Rural homelessness, like urban homelessness, is the result of poverty and a lack of affordable housing, and research has shown: The odds of being poor are between 1.The Symposium event itself, which was held over two days in March of , brought together researchers, policy makers, government officials, service providers, and consumers from across the country to discuss the research papers and directions for future research related to homelessness.
Our Invisible Neighbors is a passionate and informative narrative on homelessness & its many causes. The book is divided into 3 sections: the 1st is a collection of 12 personal accounts of people who were homeless in their past-including the author's, and her mother's.

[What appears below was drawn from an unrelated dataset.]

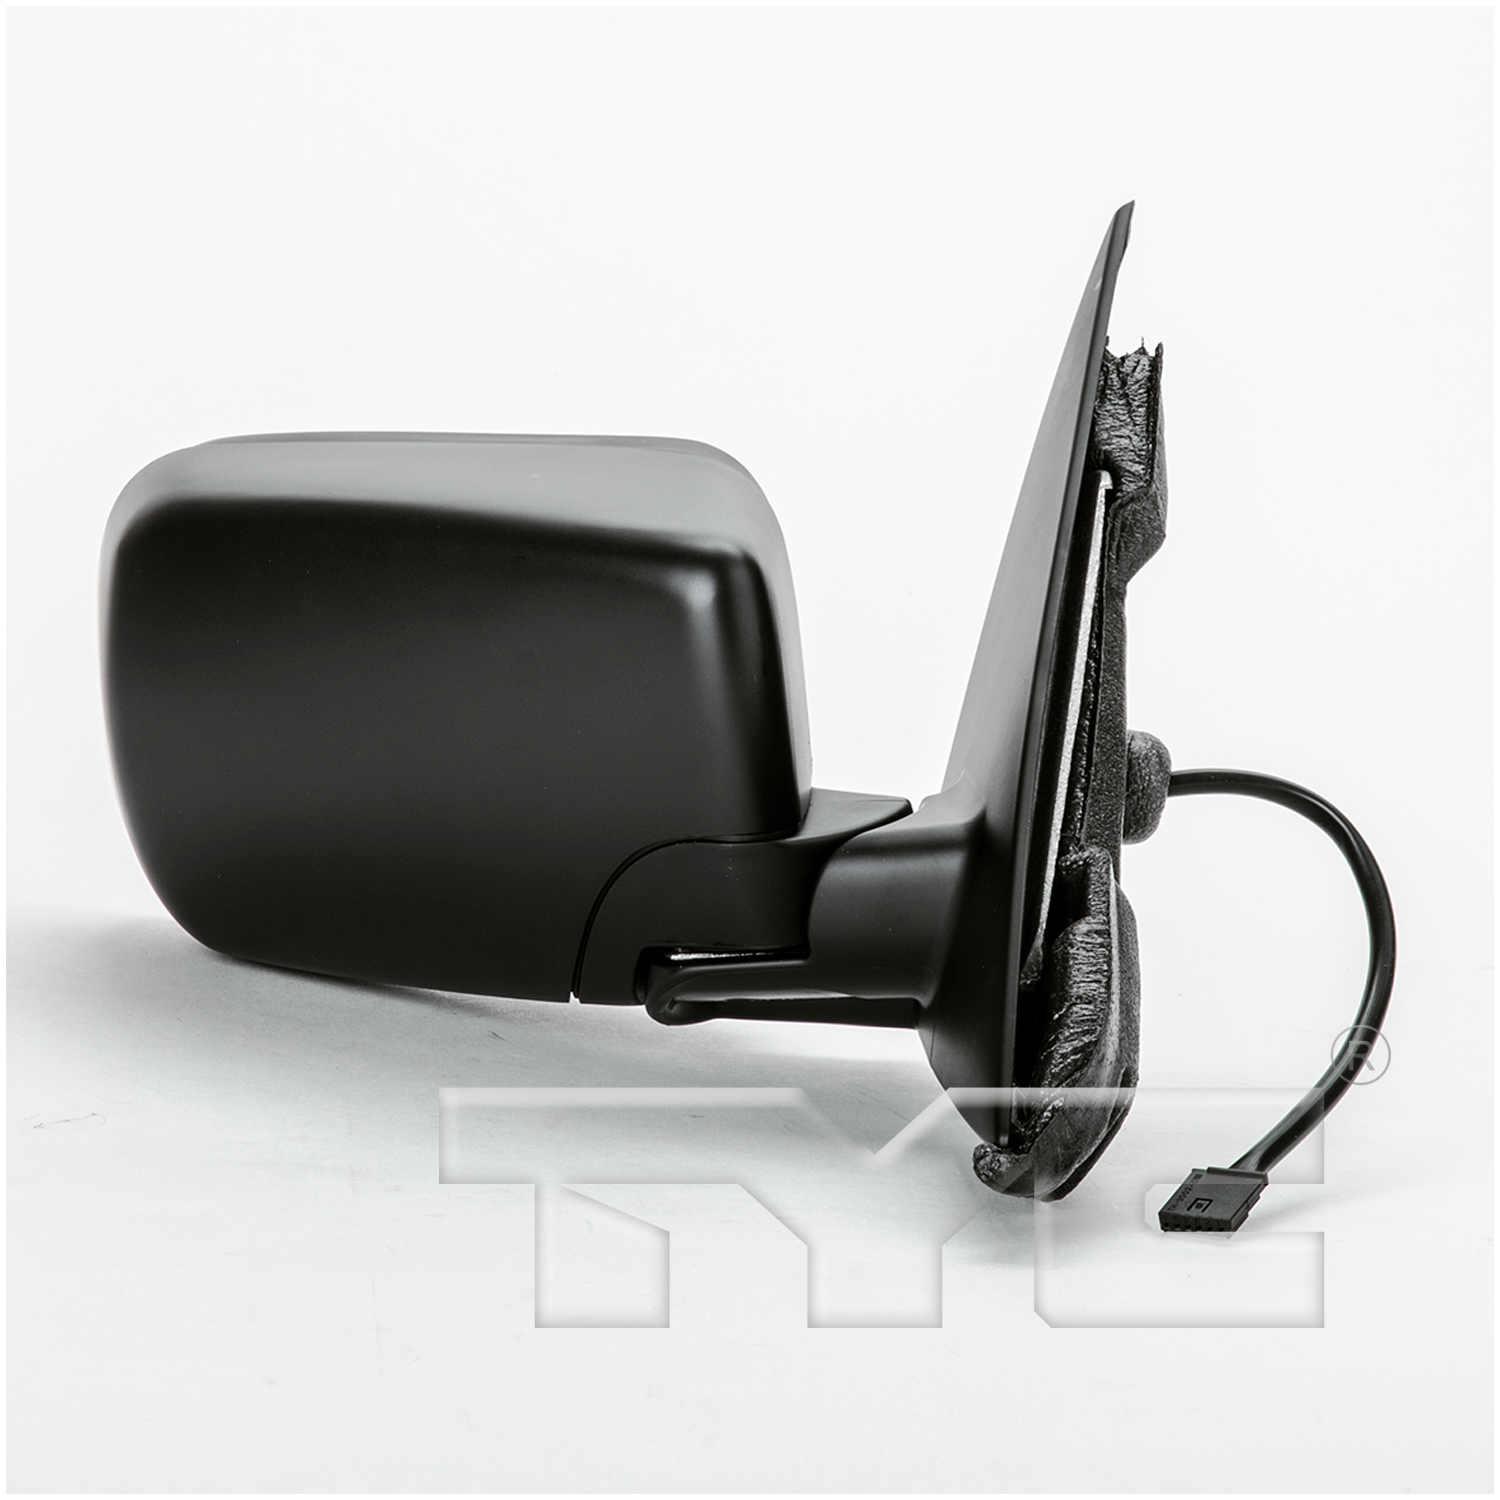 Aftermarket MIRRORS for BMW - 328I, 328i,99-06,RT Mirror outside rear view

Emergency Shelters Play a Critical Role in Ending Homelessness. Learn how to make the shift to a low-barrier, housing-focused shelter model with the Alliance's Emergency Shelter Learning Series. A fascinating book that is very dry and statistical in places.
This is more a case study in the origins and natures of homelessness and extreme poverty. The ALS community needs your help to put an end to this devastating disease.
When you participate, advocate, and donate, you advance the fight to find the cure and lead us toward a world without ALS! Putting Research Into Action to Improve Lives. We aim to improve the lives of low-income children and their families by delivering our research to advocates and policymakers seeking to craft effective policies that promote healthy child development, and strong, nurturing families that are economically secure.